# Mixing mbuna/haps/peacock basic questions.



## 702Cichlid (Feb 28, 2010)

I have been planning my first African Cichlid tank for a while now. It's a 110 60x18 inch footprint tank that will be moderately overfiltered. My original plan was to go with an all mbuna tank, but the more research I do, the more curious I get about the feasibility of perhaps keeping a few groups of more docile mbuna (labs, acei, afra and perhaps rustles) with a harem group of haps and/or peacocks. So I guess I have a few questions to ask before I go delving into a bunch of research.

1. While I realize one can never eliminate the possibility of crossbreeding in a tank full of mouth brooding fish, is it possible to add one species each of Hap and peacock to 2-3 harem groups of the previously mentioned more docile mbuna that will minimize the chances of crossbreeding? If I can't do one group of each haps and peacocks with a reasonably low risk, is there one of them that will handle the mbuna better?

2. I'm assuming that with a 60" tank I would want to steer clear of anything that got any longer than 8-9", does that sound reasonable?

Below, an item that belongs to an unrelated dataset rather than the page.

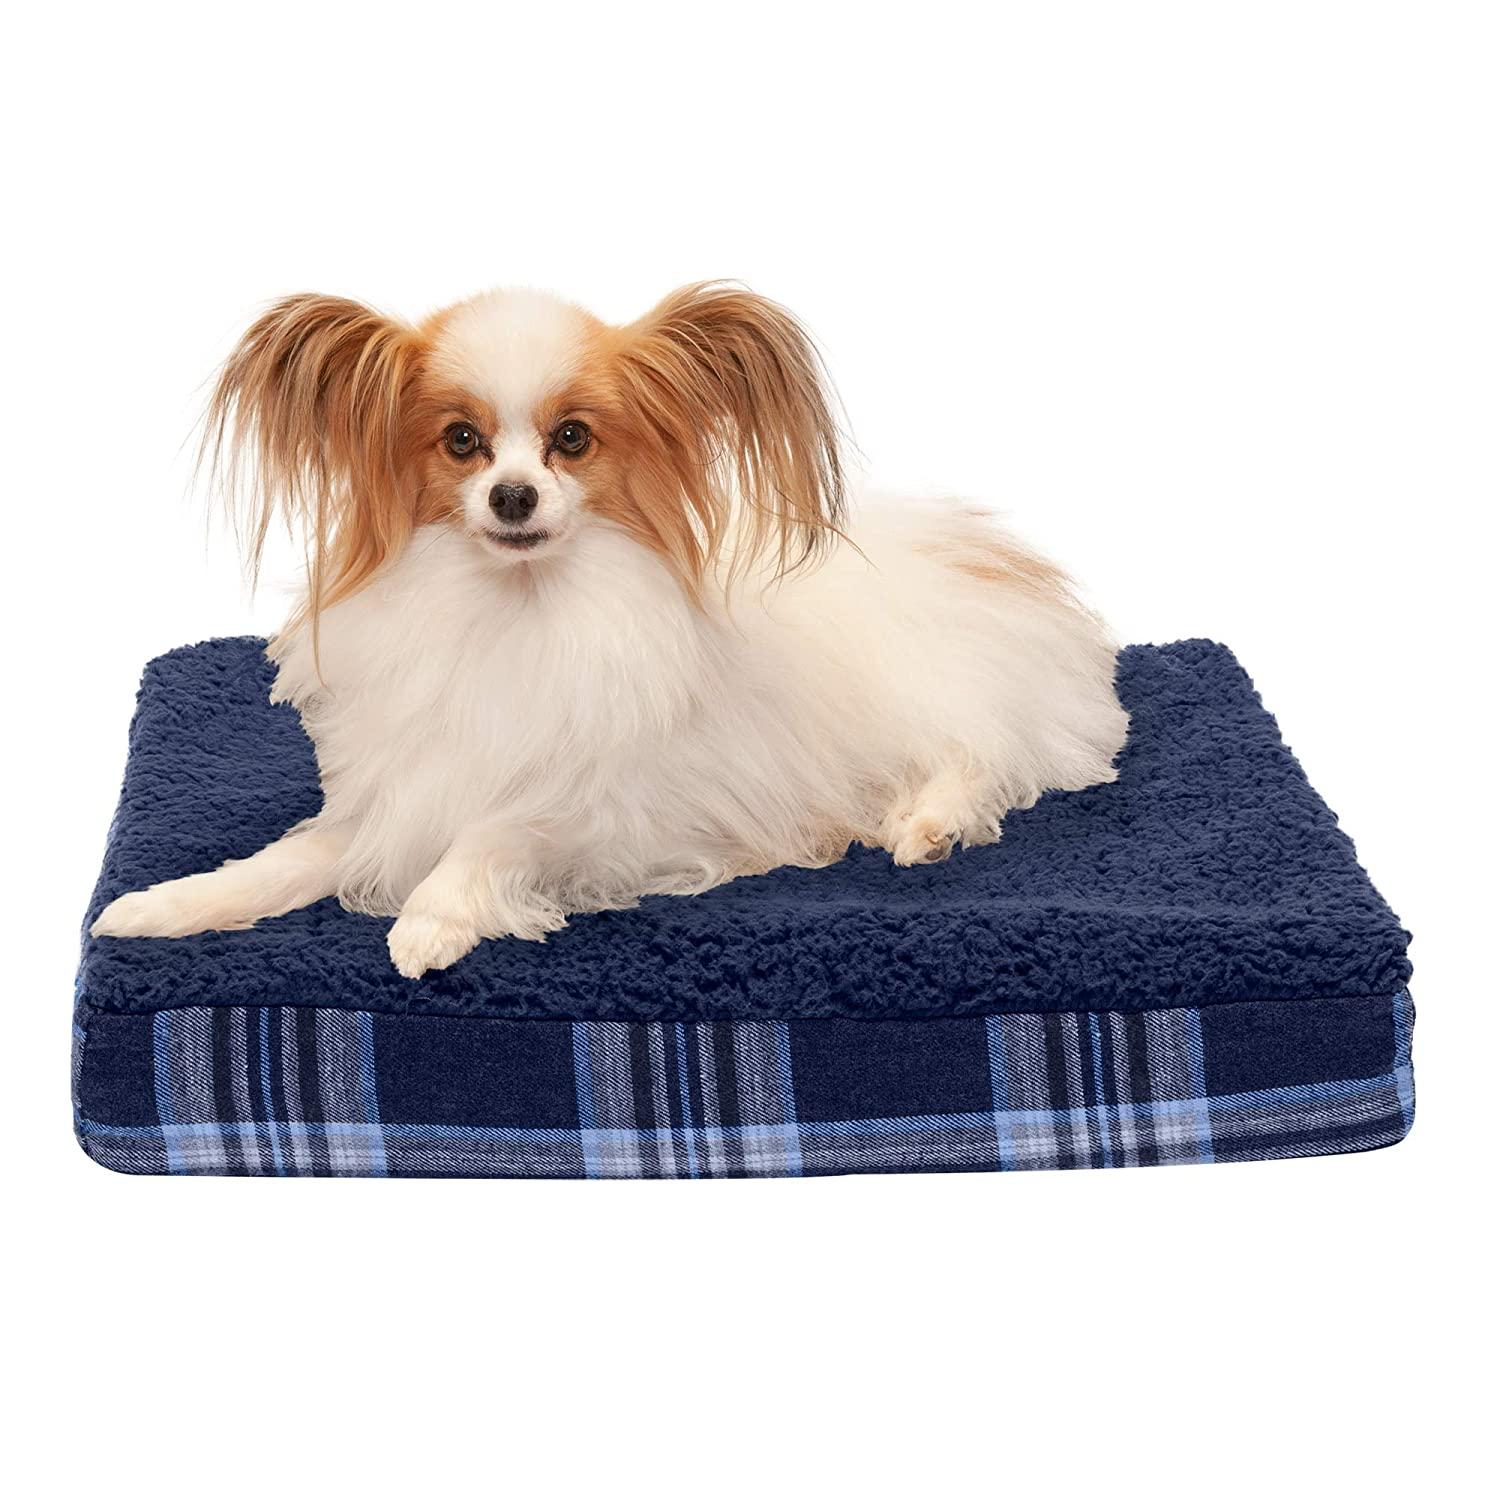 FurHaven Faux Sheepskin & Plaid Deluxe Orthopedic Pet Bed - Midnight Blue

3. Can anyone recommend any species that can get along with mbuna? I haven't done any research yet into which of the species I'm really interested in since I have no idea what will even work. When looking at profiles or information do I need to look into the more boisterous haps and peacocks to be able to have fish that will color up and hold their own even with docile mbuna? I guess I'm looking for a good starting point to determine what, if any, species would work with calmer mbuna.

Thanks!


----------



## vfc (Feb 13, 2007)

I kept Yellow Labs with mbunas successfully. I suggest you go slow with your plans. Do not overstock to dilute aggression; that only delays the inevitable and actually makes for a more serious problem later when those 20-30 x 2" cichlids become 20-30 x 5" cichlids. You will experience nothing but death and destruction.

As a reference, I have a 125G with just two large cichlids; and I have a divider between them. They were only 3" long last year. I can't add any more fish as they would be instantly attacked. So if you want to do it right, just stock your tank with a couple mbunas and enjoy them growing up.


----------



## Rhinox (Sep 10, 2009)

1: I've heard that jacobfreibergi peacocks can be robust enough to go with the peaceful mbuna species, but I've only ever heard labs and aceis recommended. Not sure about afras/rusties with peacocks.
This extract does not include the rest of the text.